Farmers are encouraged to grow traditional vegetables for income. Photo / Lominda Afedraru

What you need to know:

  • Despite Sub-Saharan Africa being home to hundreds of indigenous vegetables, which can supply the required vitamins and minerals such as Beta-carotene, vitamins A, C and E, folates, iron and calcium, these vegetables have not been mainstreamed in the staple diets. 

Indigenous vegetables contain vitamins and minerals which are essential in the absorption and metabolism of food consumed by the body. 

Despite Sub-Saharan Africa being home to hundreds of indigenous vegetables, which can supply the required vitamins and minerals such as Beta-carotene, vitamins A, C and E, folates, iron and calcium, these vegetables have not been mainstreamed in the staple diets. 
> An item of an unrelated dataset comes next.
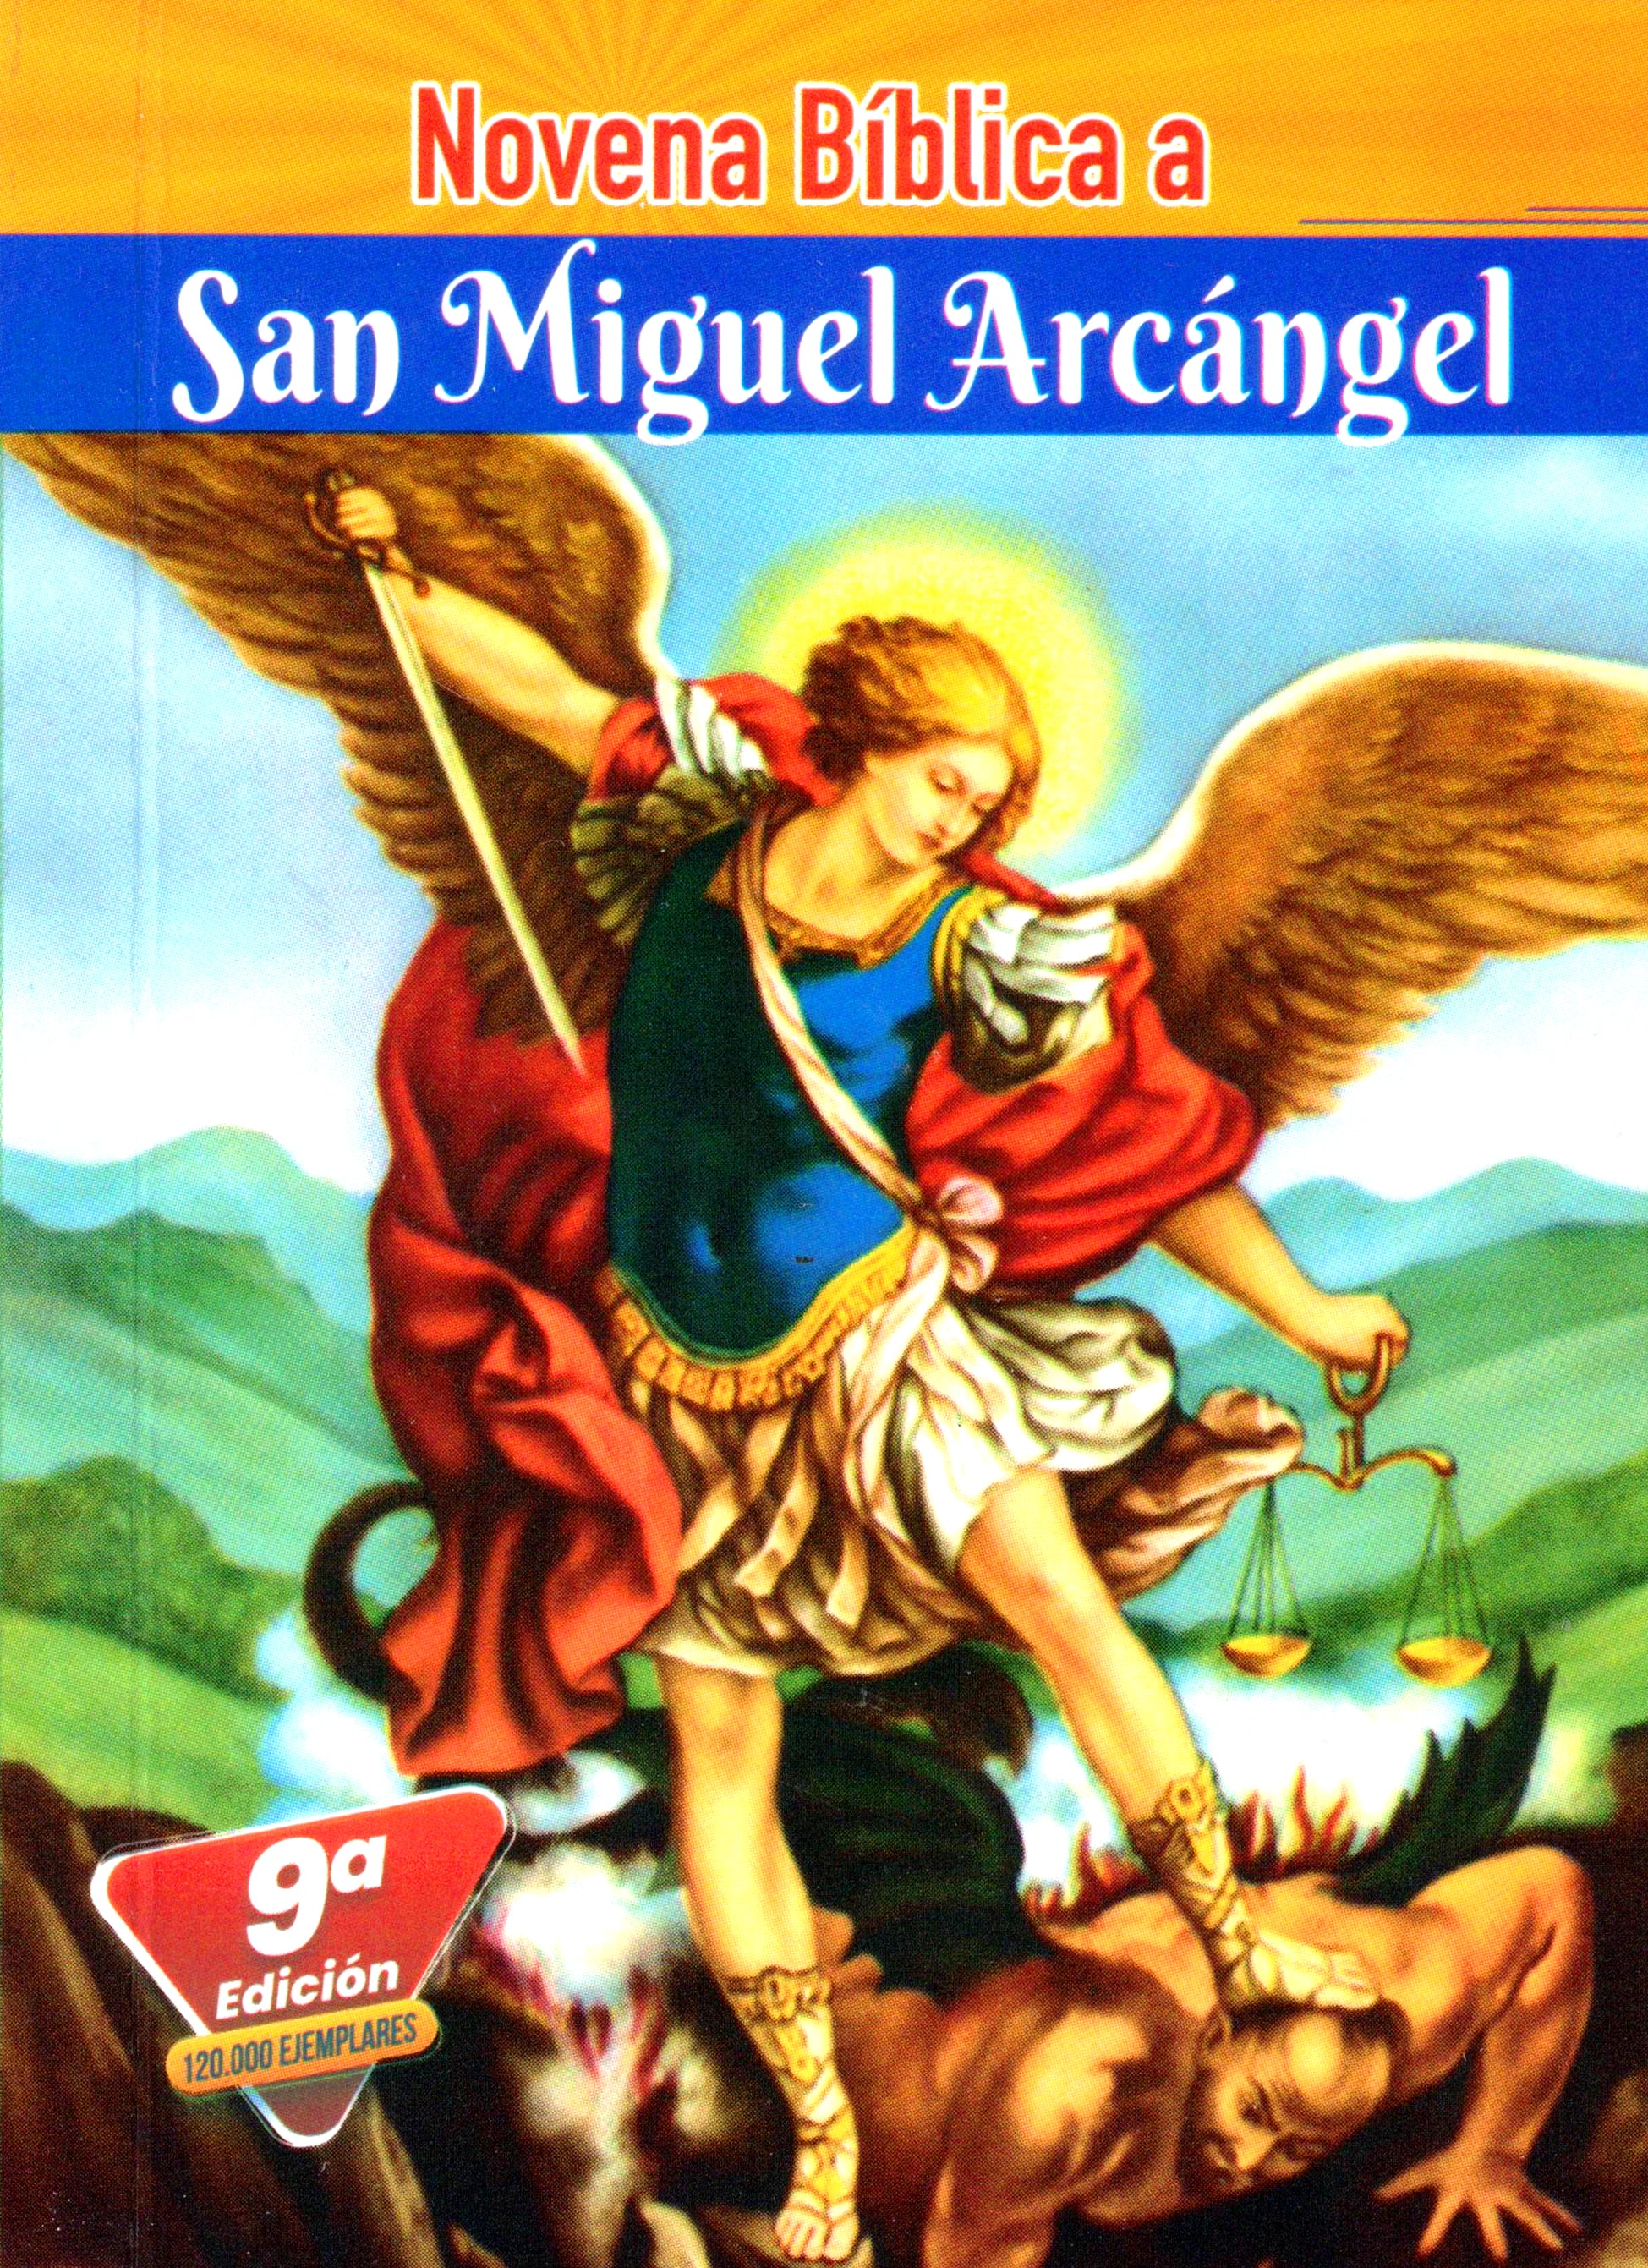 Novena Bíblica a San Miguel Arcángel

Potential consumers of indigenous vegetables complain about the inconsistency in supply and poor quality of products availed to them due to the seasonality of supply, long distances between production areas and potential consumption centres and poor post-harvest handling.

Despite the fact that the entire African continent is endowed with these vegetables that vary from country to country, Uganda is gifted with different varieties grown region by region.

Traditionally, vegetables were gathered from cultivated lands near homesteads and sometimes together with uncultivated fruits from bushes and forests in the vicinity.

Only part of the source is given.